Method signatures are part of a class’s metadata. You can ask a class for the signature of a method using methodSignatureForSelector. The signature is encapsulated in a NSMethodSignature object that you can then poke around. Here’s an NSString method with some parameters:

- (NSRange) rangeOfCharacterFromSet: (NSCharacterSet *) aSet
                            options: (NSStringCompareOptions) mask
                              range: (NSRange) searchRange;

This method takes an object, a bit mask, and an NSRange struct. It returns an NSRange. You get the signature by asking the class:

NSMethodSignature *signature =
    [NSString instanceMethodSignatureForSelector: @selector(rangeOfCharacterFromSet:options:range:)];

Now poke around the signature:

NSLog (@"%ld arguments", [signature numberOfArguments]);
for (NSUInteger i = 0; i < [signature numberOfArguments]; i++) {
    NSLog (@"%ld -> %s", i, [signature getArgumentTypeAtIndex: i]);
}
NSLog (@"returning %s", [signature methodReturnType]);

Running this yields this extremely illuminating output:

5 arguments
0 -> @
1 -> :
2 -> @
3 -> Q
4 -> {_NSRange=QQ}
returning {_NSRange=QQ}

Ummm… Yeah. Moving on then!

Type Encodings

These character strings are “type encodings”. They’re character sequences that describe individual types. You can ask the compiler for a type’s encoding string by using the @encode directive: (this stuff is at this gist)

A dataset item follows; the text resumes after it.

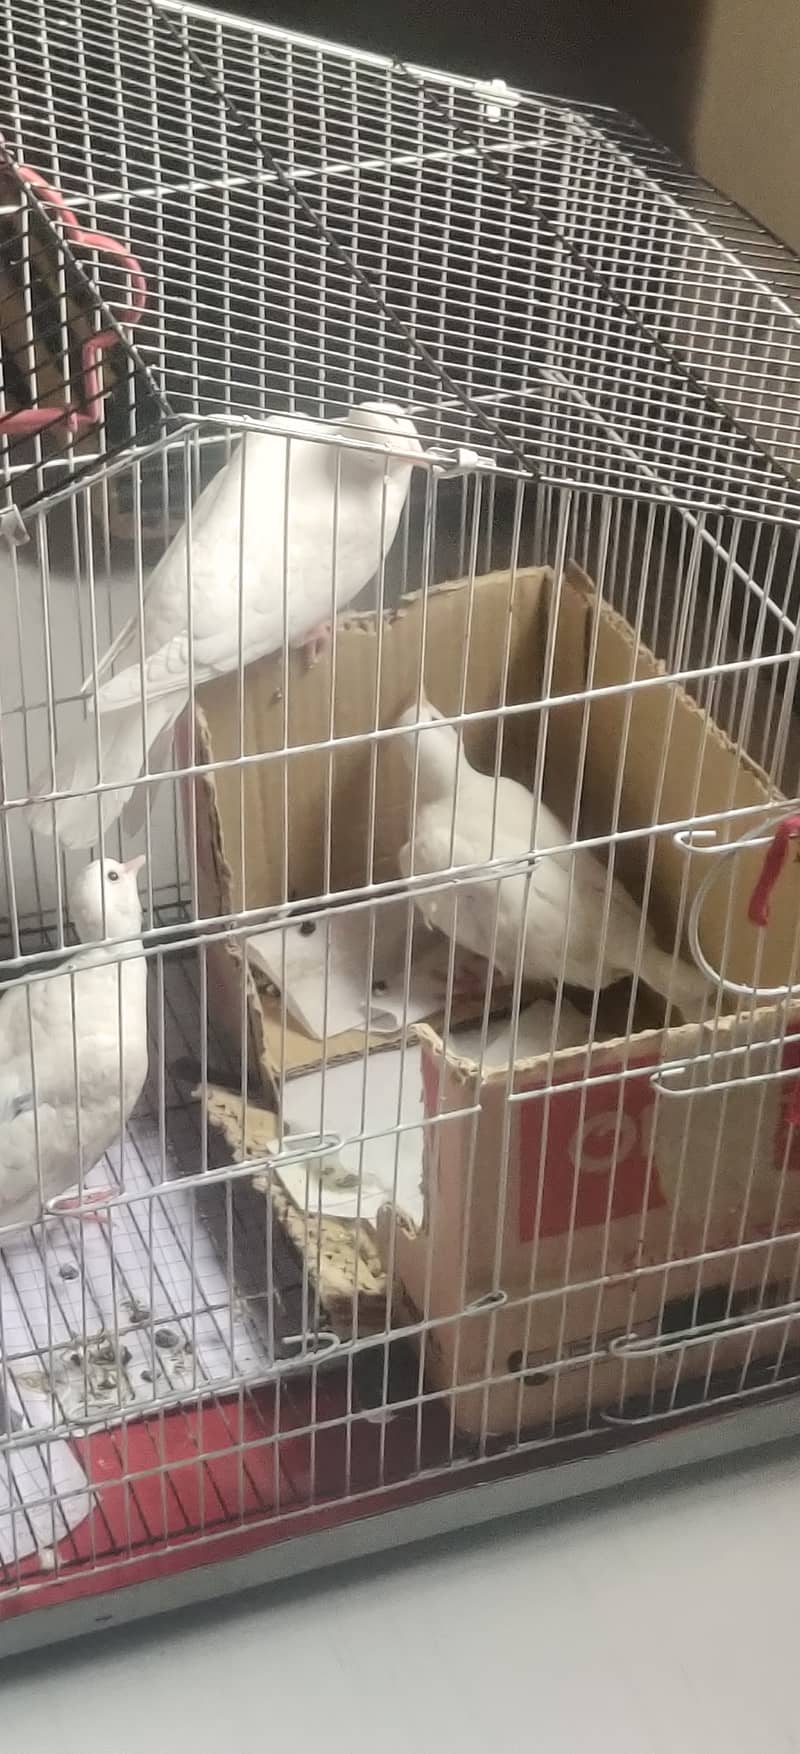 BARABARI DOVES FOR SALE ONE PAIR and one female 1

NSLog (@"int:        %s", @encode(int));
NSLog (@"CGRect:     %s", @encode(CGRect));
NSLog (@"NSString *: %s", @encode(NSString *));

This prints out:

int:        i
CGRect:     {CGRect={CGPoint=dd}{CGSize=dd}}
NSString *: @

Lower-case i for an int. CGRect is a {struct} with two structs, each of which has a double. @is an object pointer. You can see the list of encodings, or you can also ask Uncle Google for “objective-C runtime programming guide type encodings” for when Apple breaks this documentation link. The particular characters and what they correspond to are an implementation detail, so don’t go hardcoding “{_NSRange=QQ}”. You can use @encode to get the proper encoding string in a robust manner.

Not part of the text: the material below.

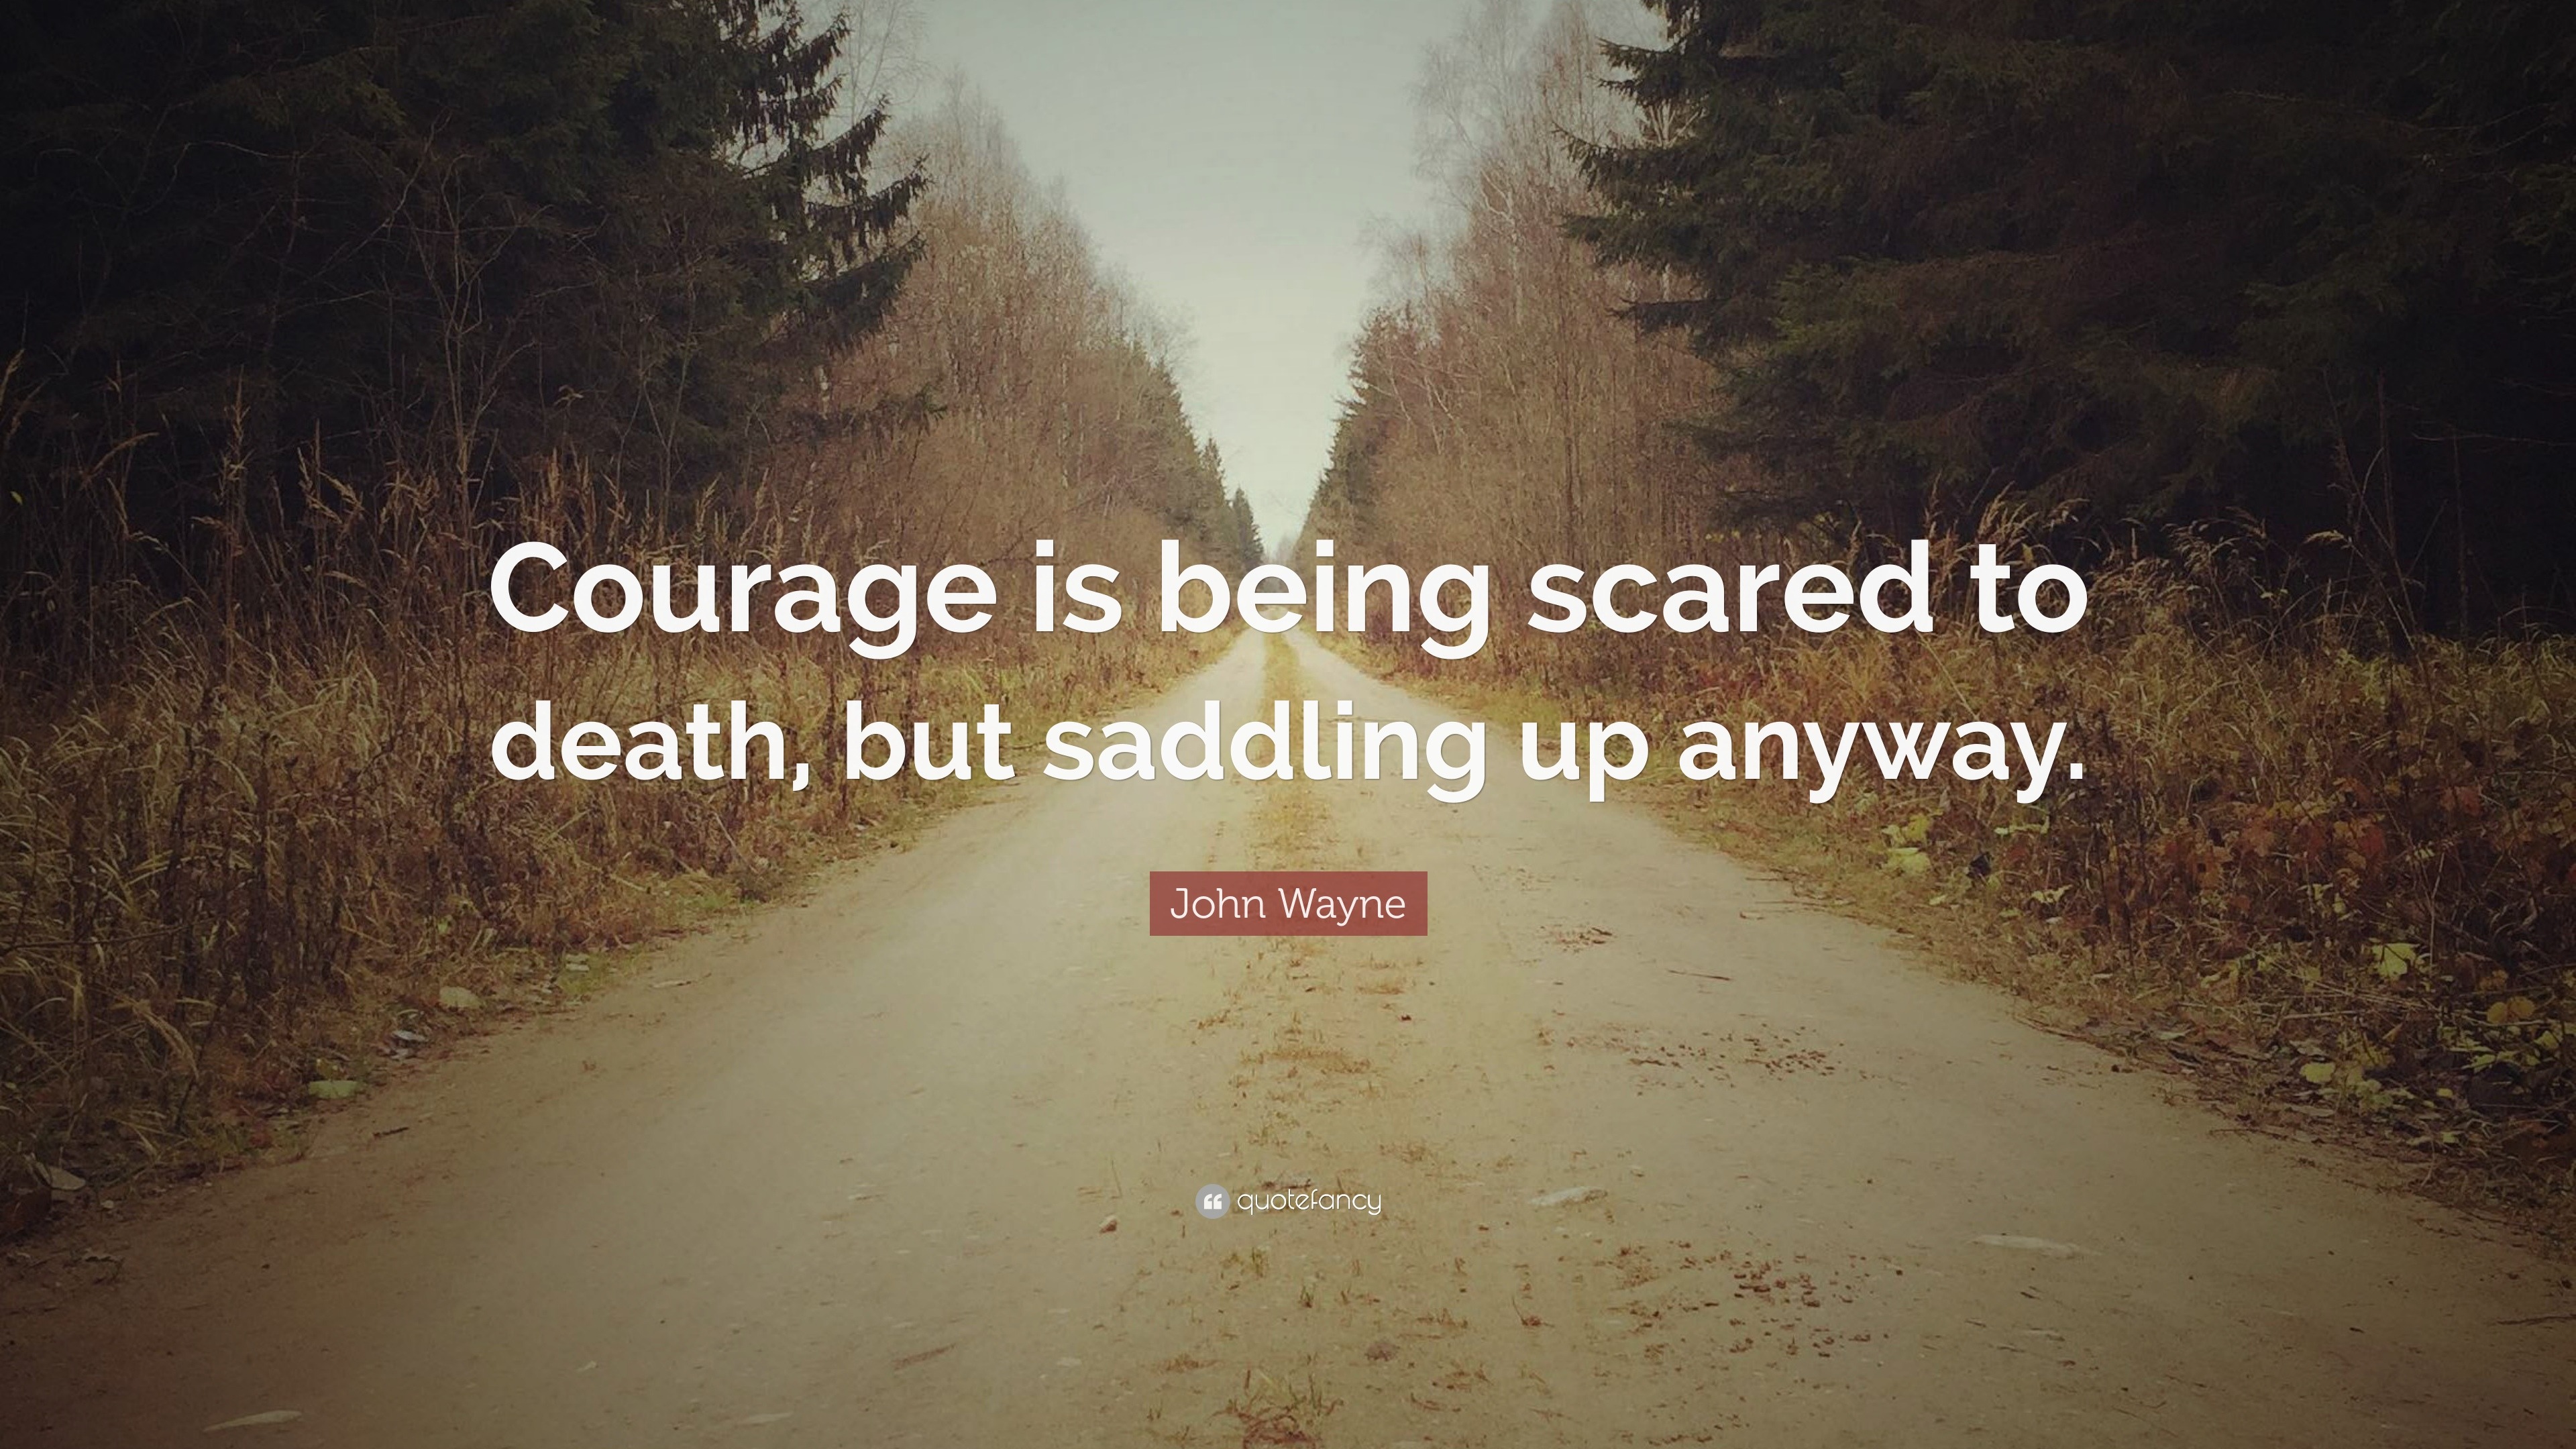 Courage is being scared to death, but saddling up anyway. - John Wayne  Quote 126 - Ave Mateiu

Here, again, is the signature for rangeOfCharacterFromSet…, annotated

5 arguments
0 -> @                       object pointer
1 -> :                       selector
2 -> @                       object pointer
3 -> Q                       unsigned long long
4 -> {_NSRange=QQ}       NSRange struct, with two unsigned long longs
returning {_NSRange=QQ       NSRange struct with two unsigned long longs

And now things should make more sense. The first two arguments are, you guessed it, self and _cmd. Then follow the three arguments to the method – an object pointer (to an NSCharacterSet), a big int used for a bit mask, and an NSRange. It returns an NSRange.

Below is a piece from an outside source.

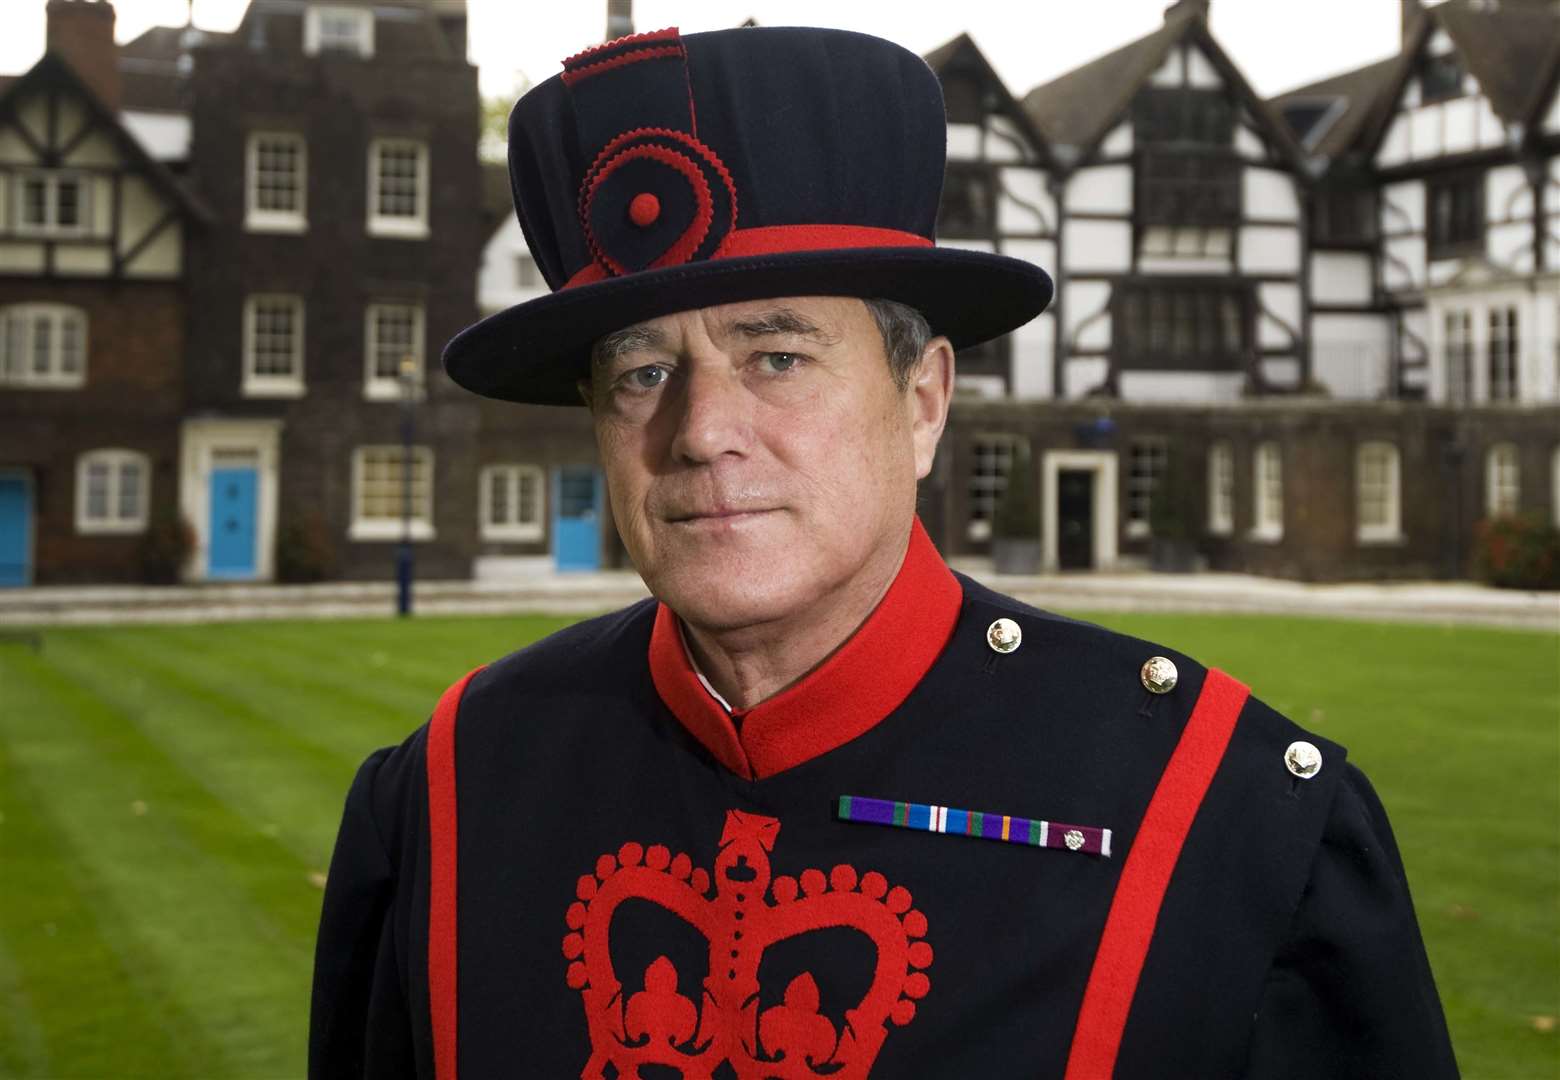 Jim Duncan when he became a Beefeater in 2011

There’s one caveat: the type encodings don’t handle variable argument lists. You can’t tell with NSMethodSignature if something is a varargs method or not.

Armed with this, you can figure out at run time what the calling convention is for an arbitrary method so long as you know its selector. Sure, that’s interesting trivia, but can it be useful information?

Equivoinvocations

If you know the signature for a method, and savvy with the platform ABI , you can package up message-sends into an object. In essence, creating the potential for a message send. Then, in the future, you can take this package and cause it to actually send a message. You’re freeze-drying a method invocation for later thawing. Apple gives us a class to do this, hiding the grody details : NSInvocation.

Be warned, NSInvocation is kind of a pain to deal with. And its performance is terrible. Mike Ash has a test program (that you can run for yourself) which times various common operations. Here’s a subset, with the time for each operation in nanoseconds.

IMP-cached message send     0.7
C++ virtual method call     1.1
Objective-C message send    4.9
NSInvocation message send  77.3

The timing of the first three are unsurprising – an IMP-cached message send is just a function pointer call, so it’s very fast. A C++ virtual method call is a pointer+offset (find the vtable) followed by a pointer + offset (find the function pointer in the vtable) and then a function pointer call. It’s a little more work so takes a bat more time. An Objective-C message send does a fair amount of work as you’ve seen already.

NSInvocation takes 15 times longer to use an already-existing NSInvocation object and invoke it than to call a method directly. 77 nanoseconds is actually not a long time, so don’t avoid invocations it if it can lead to elegant designs.

Making an NSInvocation is a multi-step process. Before showing the invocation, here’s some code that uses rangeOfCharacterInSet:… that we’ll invocationize.

//  (character indexes             11111111112222
//   in the string)      012345678901234567890123
NSString *baseString = @"Why hello there, Hoover.";
//  (randomRange)             |-------------|
NSRange randomRange = (NSRange){5, 15};
NSCharacterSet *set = [NSCharacterSet whitespaceCharacterSet];
NSStringCompareOptions options = NSBackwardsSearch;
NSRange lastSpace =
    [baseString rangeOfCharacterFromSet: set
                options: options
                range: randomRange];

This is saying “given this string, look in the range of [5,20) for the first whitespace character, but start searching from the end”. In other words, what is the last whitespace character in that range? This call returns {16, 1}, which is the space right before Hoover.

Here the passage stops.